In the above-described embodiment, in order to give a voltage gradient to the common voltage, the resistances R1 to R (m-
1) shows a case where the connection is made via a high-resistance wiring such as 1). However, a configuration in which the common bus lines CB1 to CBm are grouped in units of a plurality and connected therebetween by a high-resistance wiring is also possible. . In that case, without connecting with high resistance wiring,
It is also possible to generate and apply a common voltage with a voltage gradient from the power supply circuit 6.

〔The invention's effect〕

As described above, the present invention corrects the decrease in the shift amount of the liquid crystal cell voltage due to the rounding of the gate voltage waveform by using the common voltage having a voltage gradient, and the symmetry is obtained regardless of the distance from the driver. Since the liquid crystal cell voltage can be improved, there is an advantage that the occurrence of display luminance unevenness and flicker can be prevented.

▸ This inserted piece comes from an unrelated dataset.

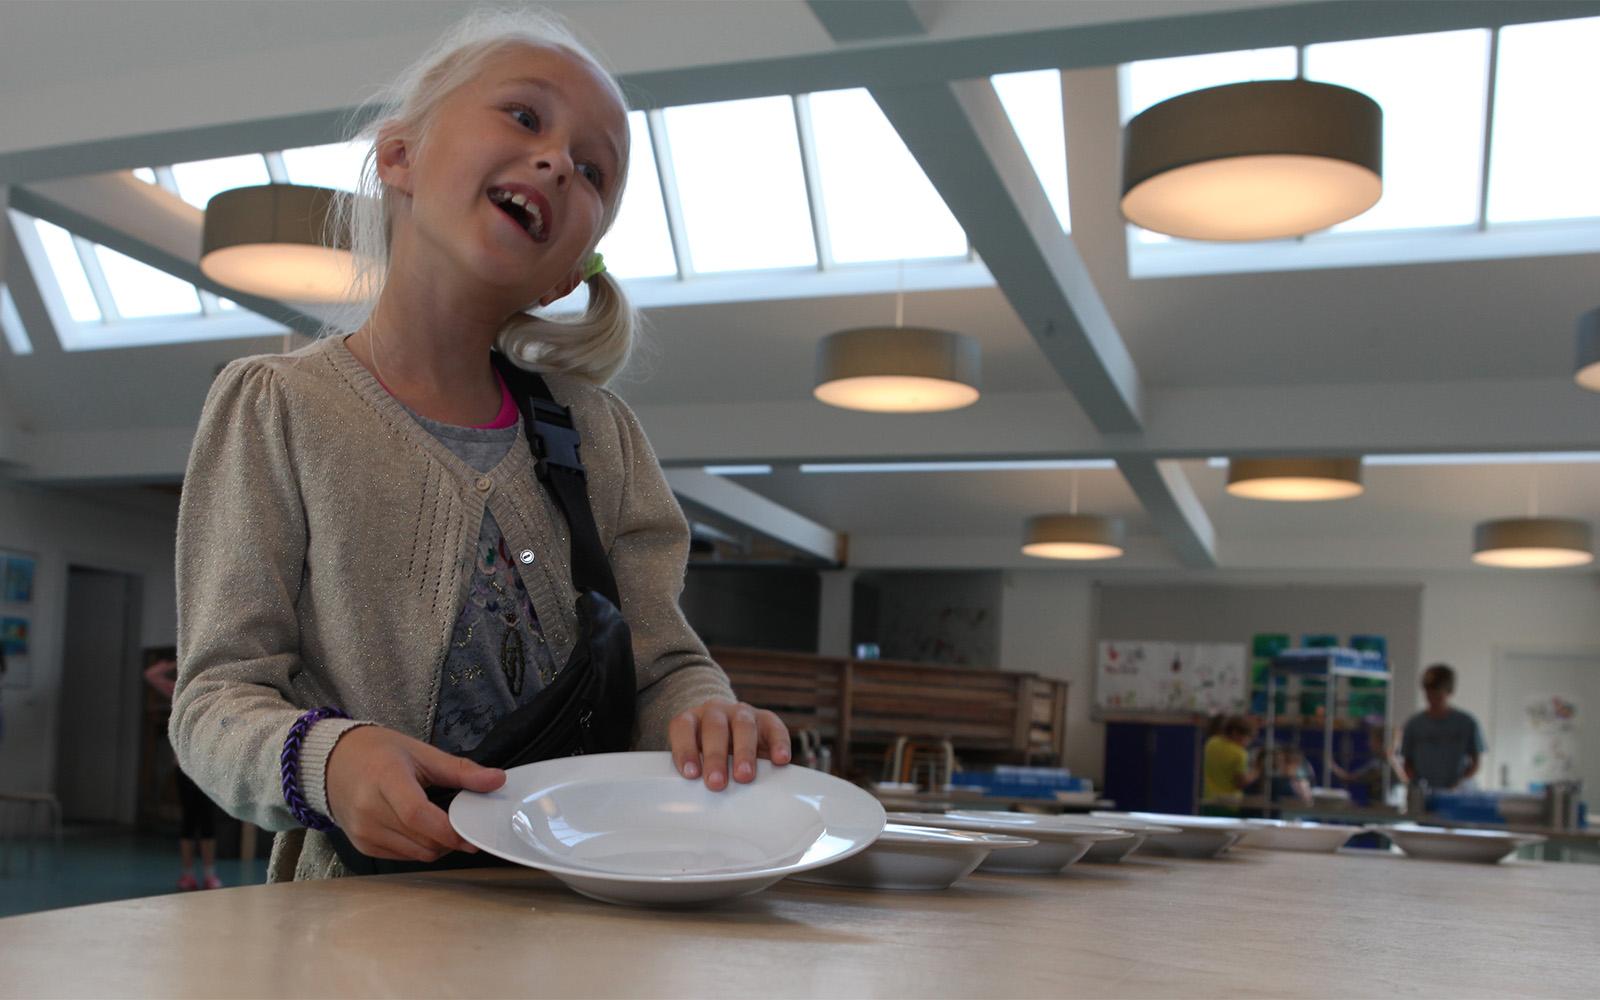 Ung student i cafeteria upplyst med naturligt ljus och konstgjord belysning

[Brief description of the drawings]

FIG. 1 is an explanatory view of an embodiment of the present invention, and FIGS.
(D) is an explanatory view of the operation of the embodiment of the present invention, FIG. 3 is an explanatory view of the operation of the conventional example, FIG. 4 is an explanatory view of the connection configuration of the liquid crystal cell, and FIGS. FIGS. 6A and 6B are explanatory diagrams of the operation by turning on and off, and FIGS. 6A and 6B are diagrams illustrating the occurrence of uneven brightness. 1 is a liquid crystal panel, 2 is a switching element, 3 is a liquid crystal cell, 4 is a scan bus driver, 5 is a data bus driver, 6 is a power supply circuit, G1 to Gn are scan bus lines, and D1 to
Dm is a data bus line, CB1 to CBm are common bus lines, R1
RRm is a resistance.

 ──────────────────────────────────────────────────続 き Continuation of the front page (56) References JP-A-52-9392 (JP, A) JP-A-60-66236 (JP, A)

Claims (1)

(57) [Claims] A switching element (2) is provided at an intersection of a data bus line (D1 to Dm) and a scan bus line (G1 to Gn).
In the method for driving an active matrix type liquid crystal panel to which a liquid crystal cell (3) is connected via a liquid crystal cell, the polarity of a data voltage applied to the data bus lines (D1 to Dm) is periodically inverted. An active matrix type liquid crystal panel characterized by applying a common voltage having a voltage gradient along the scan bus line direction to common bus lines (CB1 to CBm) to which liquid crystal cells (3) are commonly connected. Drive method.